[Data below]

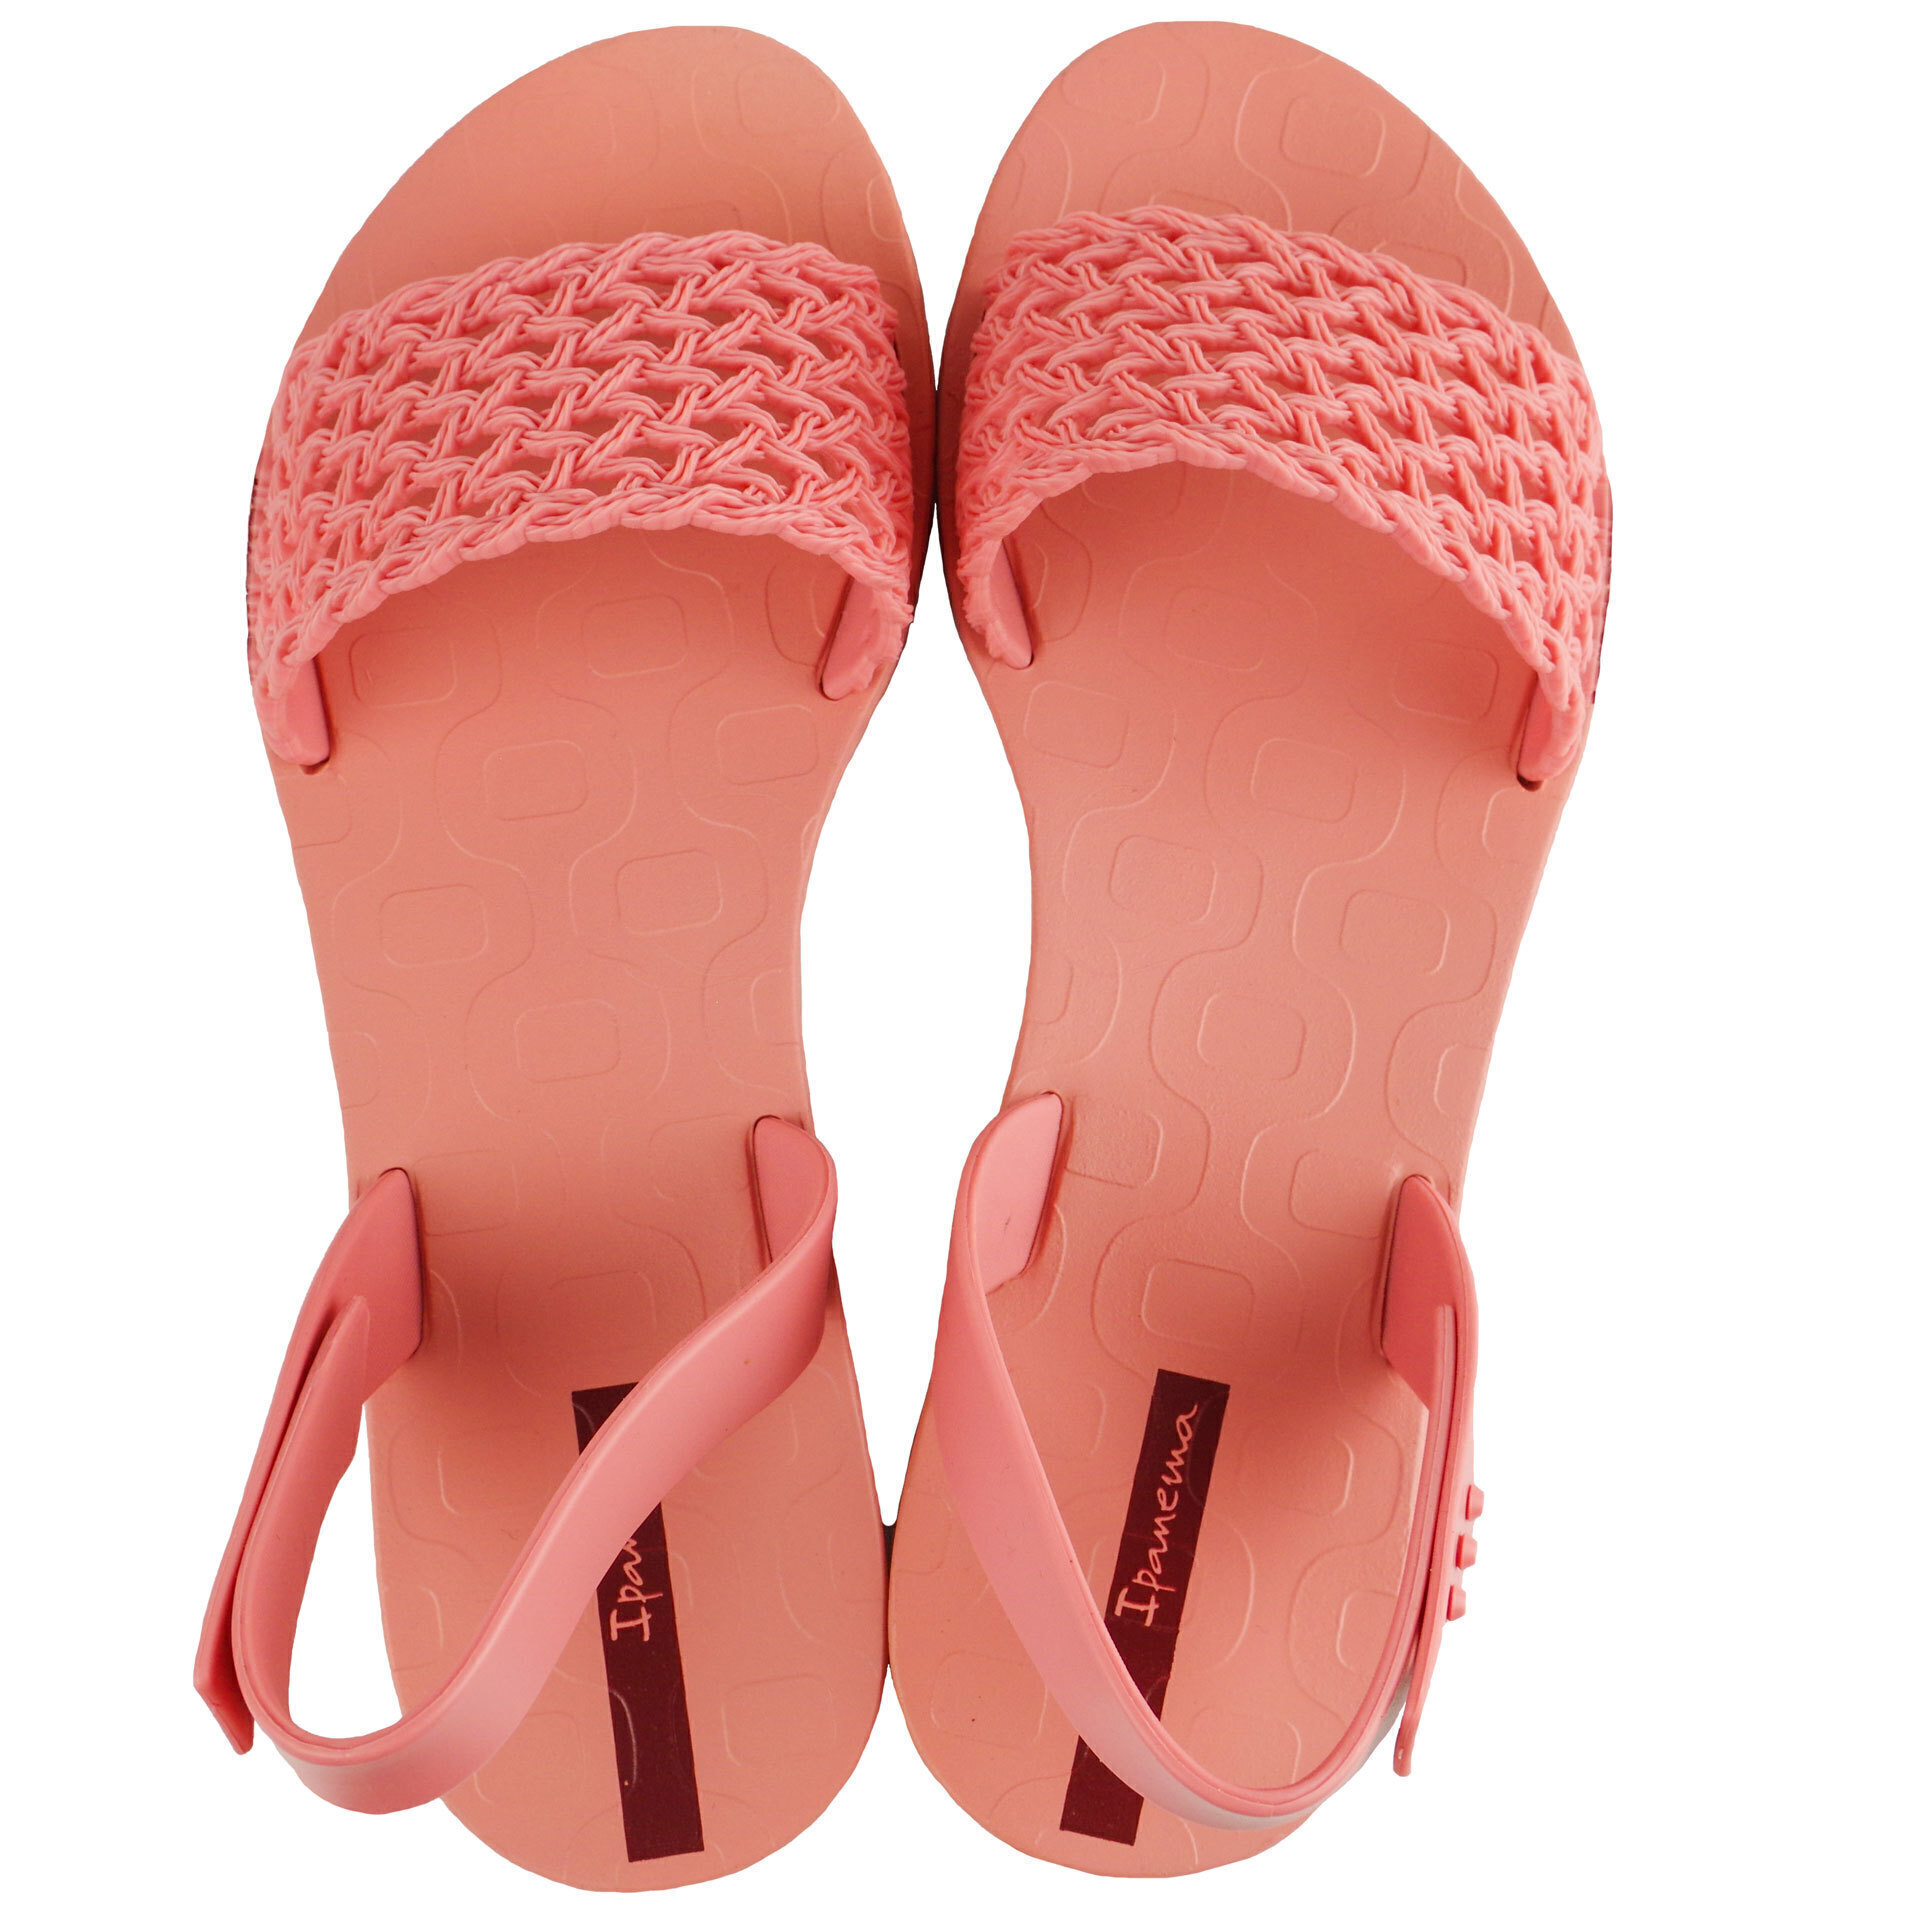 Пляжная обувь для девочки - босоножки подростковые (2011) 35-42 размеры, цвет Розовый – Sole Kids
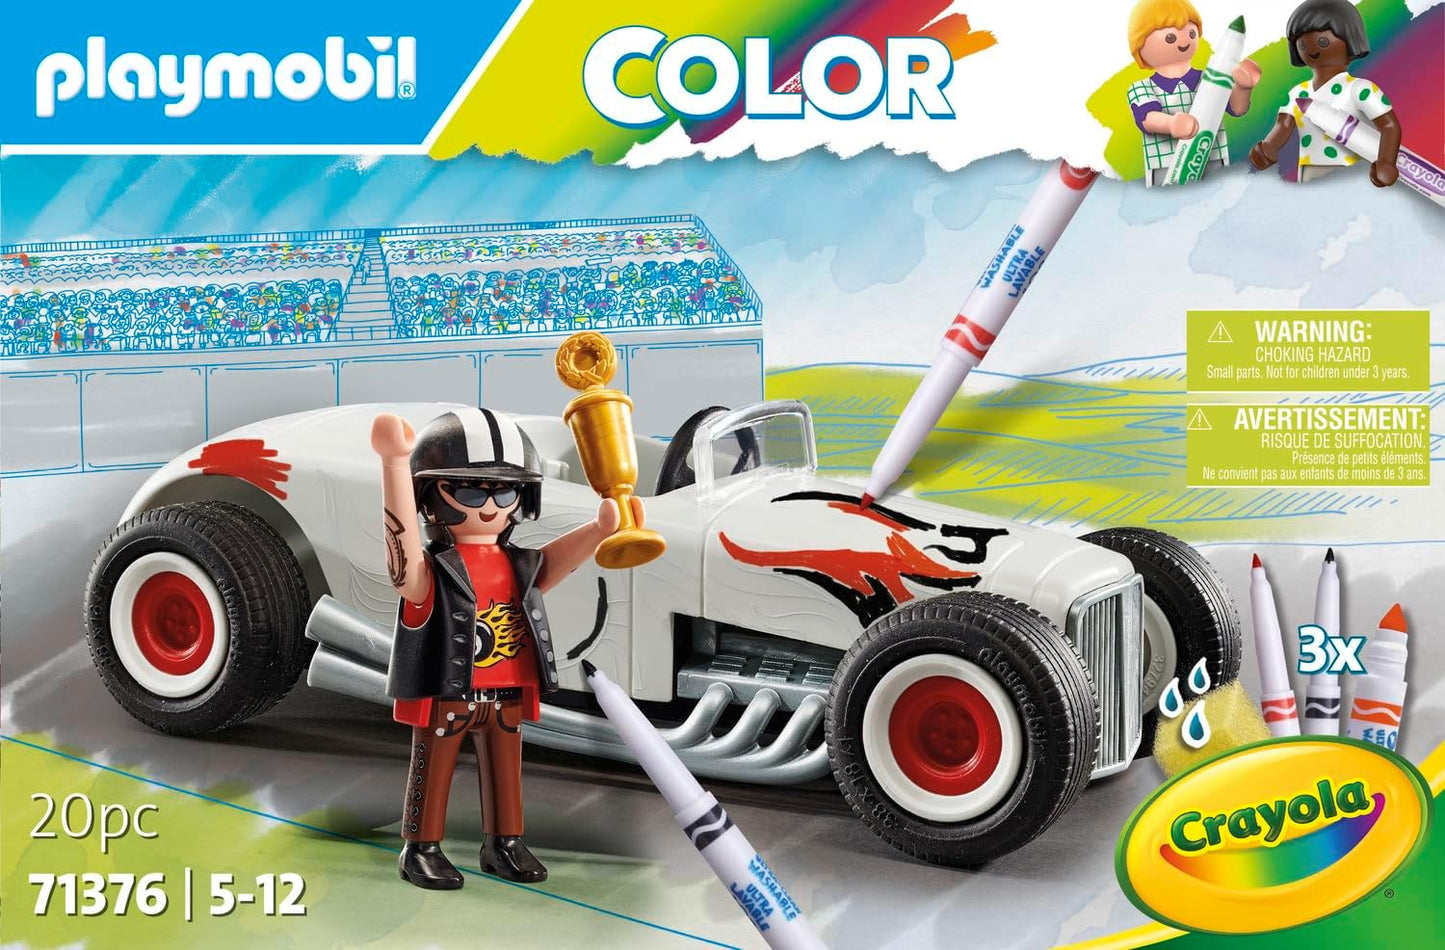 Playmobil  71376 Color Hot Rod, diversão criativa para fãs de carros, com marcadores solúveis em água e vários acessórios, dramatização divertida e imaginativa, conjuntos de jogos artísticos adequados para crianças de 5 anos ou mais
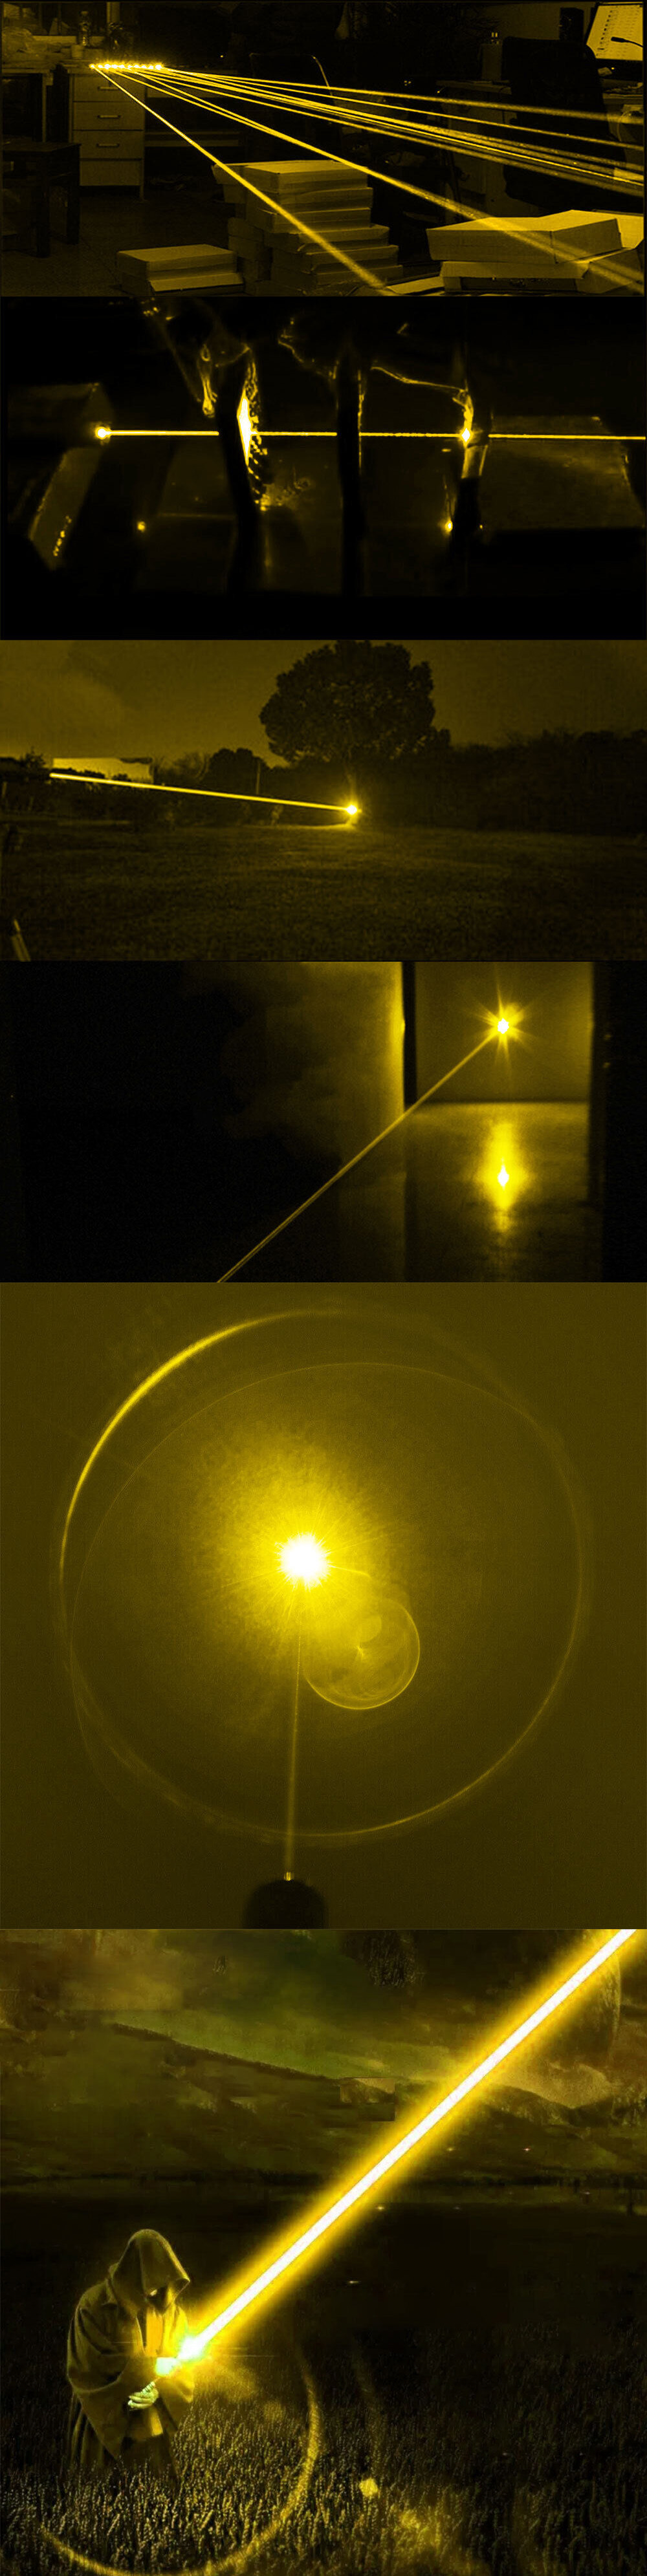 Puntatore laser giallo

[/Data below]

▶ **What you should do**:
Copy the listing above verbatim; the pictures it contains are to stay out.

▶ **The answer**:
 Пляжная обувь для девочки - босоножки подростковые (2011) 35-42 размеры, цвет Розовый – Sole Kids
 Playmobil  71376 Color Hot Rod, diversão criativa para fãs de carros, com marcadores solúveis em água e vários acessórios, dramatização divertida e imaginativa, conjuntos de jogos artísticos adequados para crianças de 5 anos ou mais
 Puntatore laser giallo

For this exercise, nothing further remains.